The Vigra Copper Mine is situate to the west of Clogau, and takes up nearly the whole of the Vigra Mountain. Extensive explorations have been carried on here for copper, some of which is auriferous. The lode-stuff, taken at random, yields nearly half an ounce of gold to the ton, on assay. Specimens have produced more than this. Visible gold is said to have been found here. This mine ought to be worked on a large scale for gold. The Clogau Gold Mill is erected on this property. Tyddyndu Mine, or as it is called "Victoria," lies between the Vigra and Clogau Mines, to the south of Maesclawdd, and extends under the turnpike-road at Pontddu to the river Mawddach. There are several lodes on this property, all of which are auriferous. At present they are poor at surface.

North Vigra Mine has several lodes, said to be gold-bearing.

The Wellington Mines have some very large quartzose lodes in them, which are undoubtedly auriferous.

Fach-ynys Mine.-The lodes here have yielded 6 dwts. of gold to the ton at the surface. This mine promises to be rich.

Nant-Coch Mine has given by assay, and, singularly enough, by Britten's Machine, 9 dwts. 13 grs. of gold to the ton of mineral.

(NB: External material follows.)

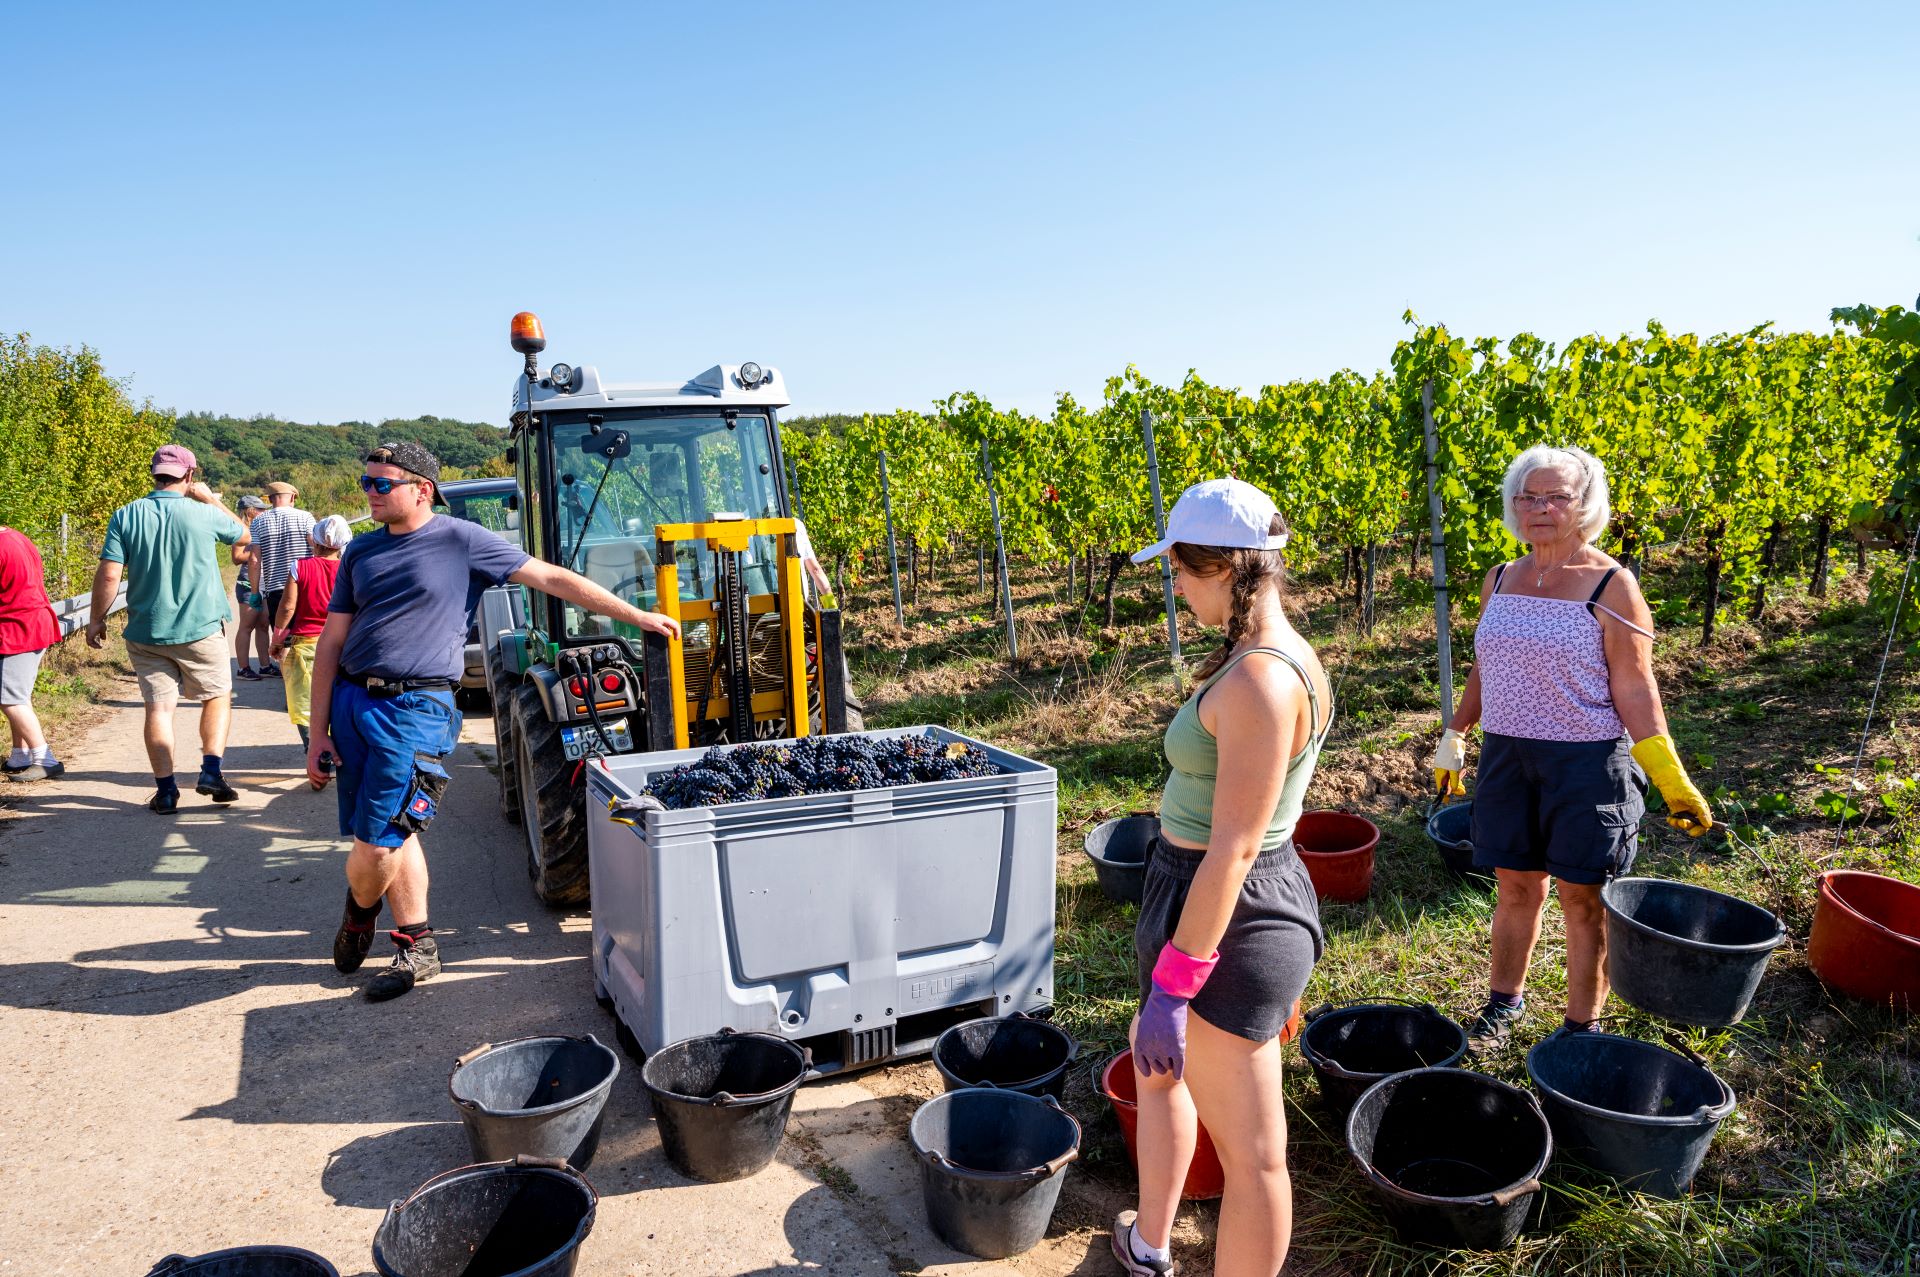 Les travailleurs de la vigne sont représentés au travail. Un homme s'appuie sur un véhicule tenant des raisins dans un grand récipient, tandis que des femmes avec des seaux se tiennent au premier plan.

Llanaber Mine, near Barmouth, is also auriferous at surface.

The known gold localities are now multiplied; and the author added, that he should not be at all surprised if every quartzose vein of the district is found to be auriferous, but that it must by no means be inferred from this that every quartzlode will pay for working some will not; but where there are so many, some certainly will prove rich.

Having said thus much upon the increased number of places in which gold is found in this district, the author made some reference to the modes of gold-extraction now in operation.

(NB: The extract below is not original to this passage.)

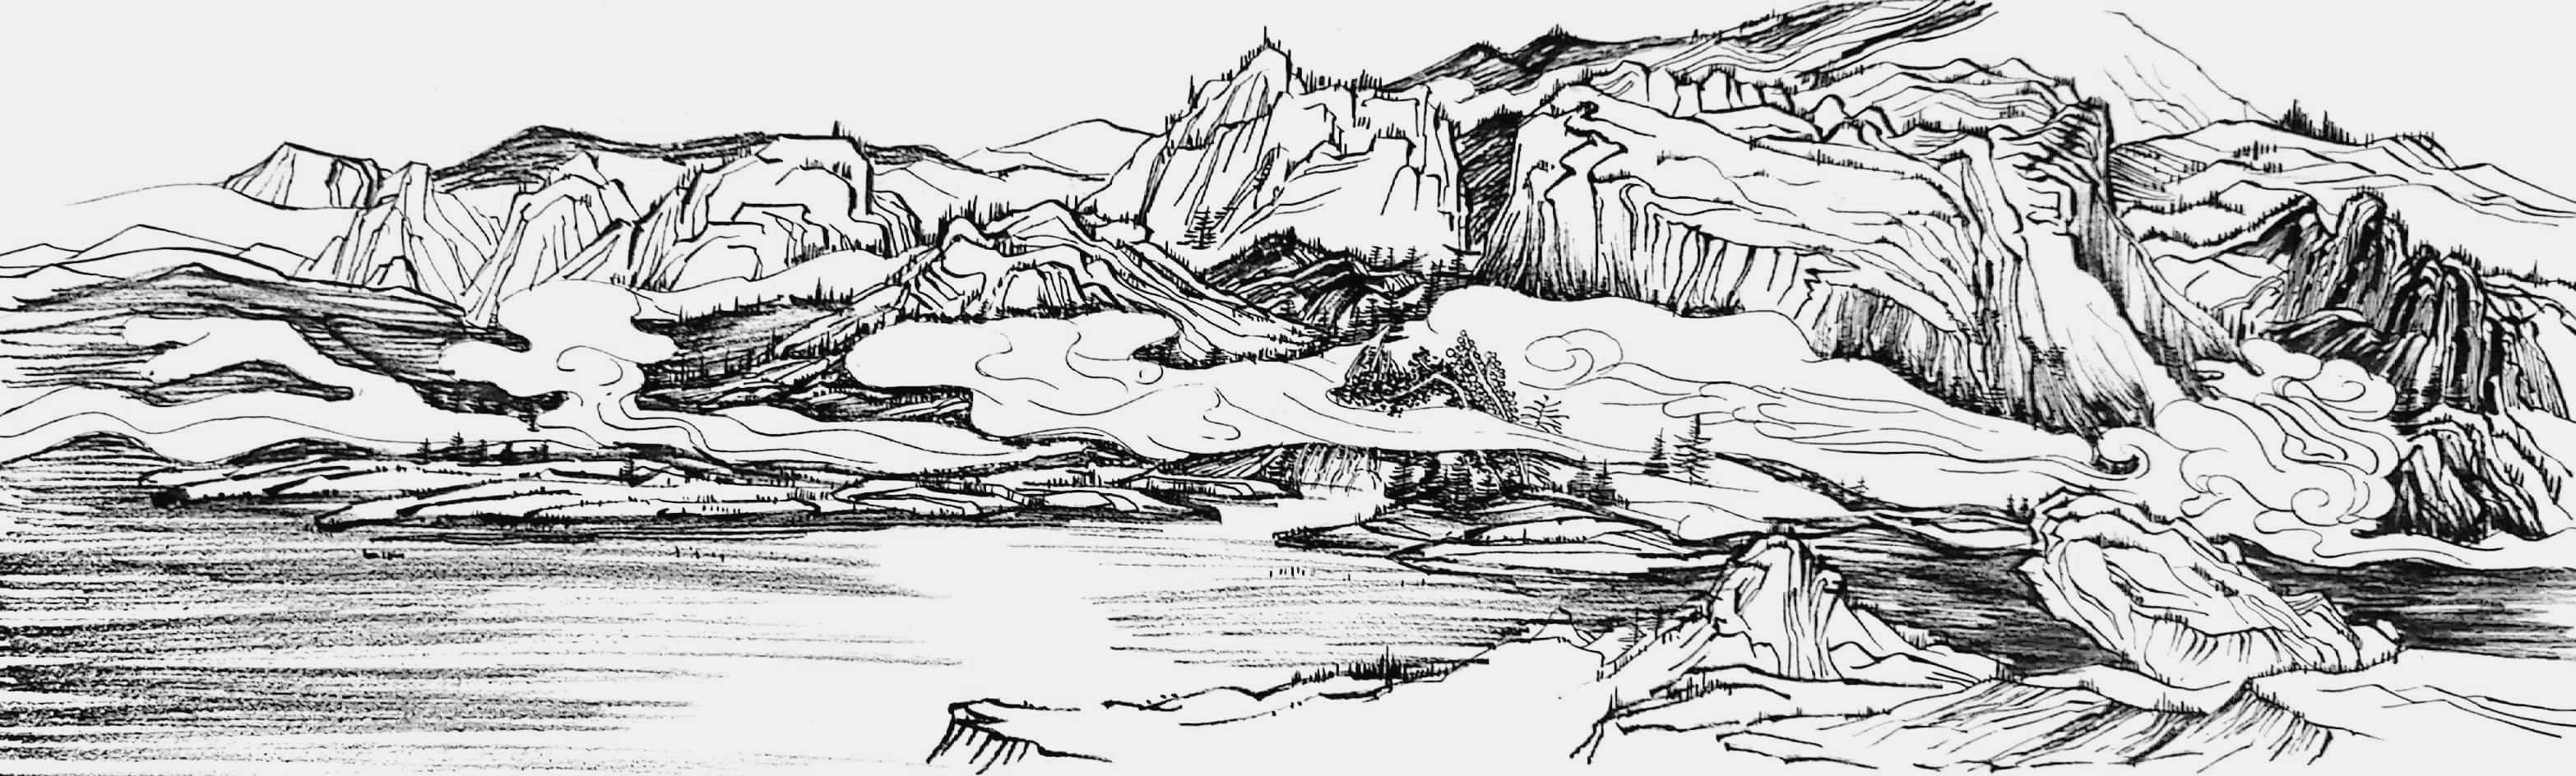 钢笔素描,临摹山水画

Notice of some Mammalian Remains from the Bed of the German Ocean.

By C. B. ROSE, F.G.S., &c.

It has for a very long period been known that, during the degradation of the cliffs of the counties of Norfolk, Suffolk, and Essex, teeth and bones of various mammals have been exhumed, and, more largely, those of Pachyderms. In Queen Elizabeth's time, huge bones were found at Walton, near Harwich. They were then considered to be those of giants. In the Philosophical Transactions' for 1745, a Mr. Baker records the finding of a fossil elephant at Mundesley Cliff; and, in 1746, Mr. Wm. Arderson, of Norwich, makes mention of similar remains discovered at Hasborough and Walket, on the Norfolk coast.

In the course of years, vast numbers of teeth and bones have been collected. The late Mr. Woodward, of Norwich, says, in his 'Geology of Norfolk,' "Mammalian remains have been dredged up on the Knole Sand off Hasborough. This spot presented us, in 1826, with the finest tusk of the Mammoth; it measured 9 feet along its curvature, and weighed 97 lbs." But off Dungeness a tusk was dredged up which measured 11 feet in length, and yielded some pieces of ivory fit for mauufacture. The oyster-bed off Hasborough was discovered in 1820, and, from the number of grinders of the Elephant found there, Mr. Woodward felt himself warranted in concluding that upwards of 500 animals were deposited in that limited space.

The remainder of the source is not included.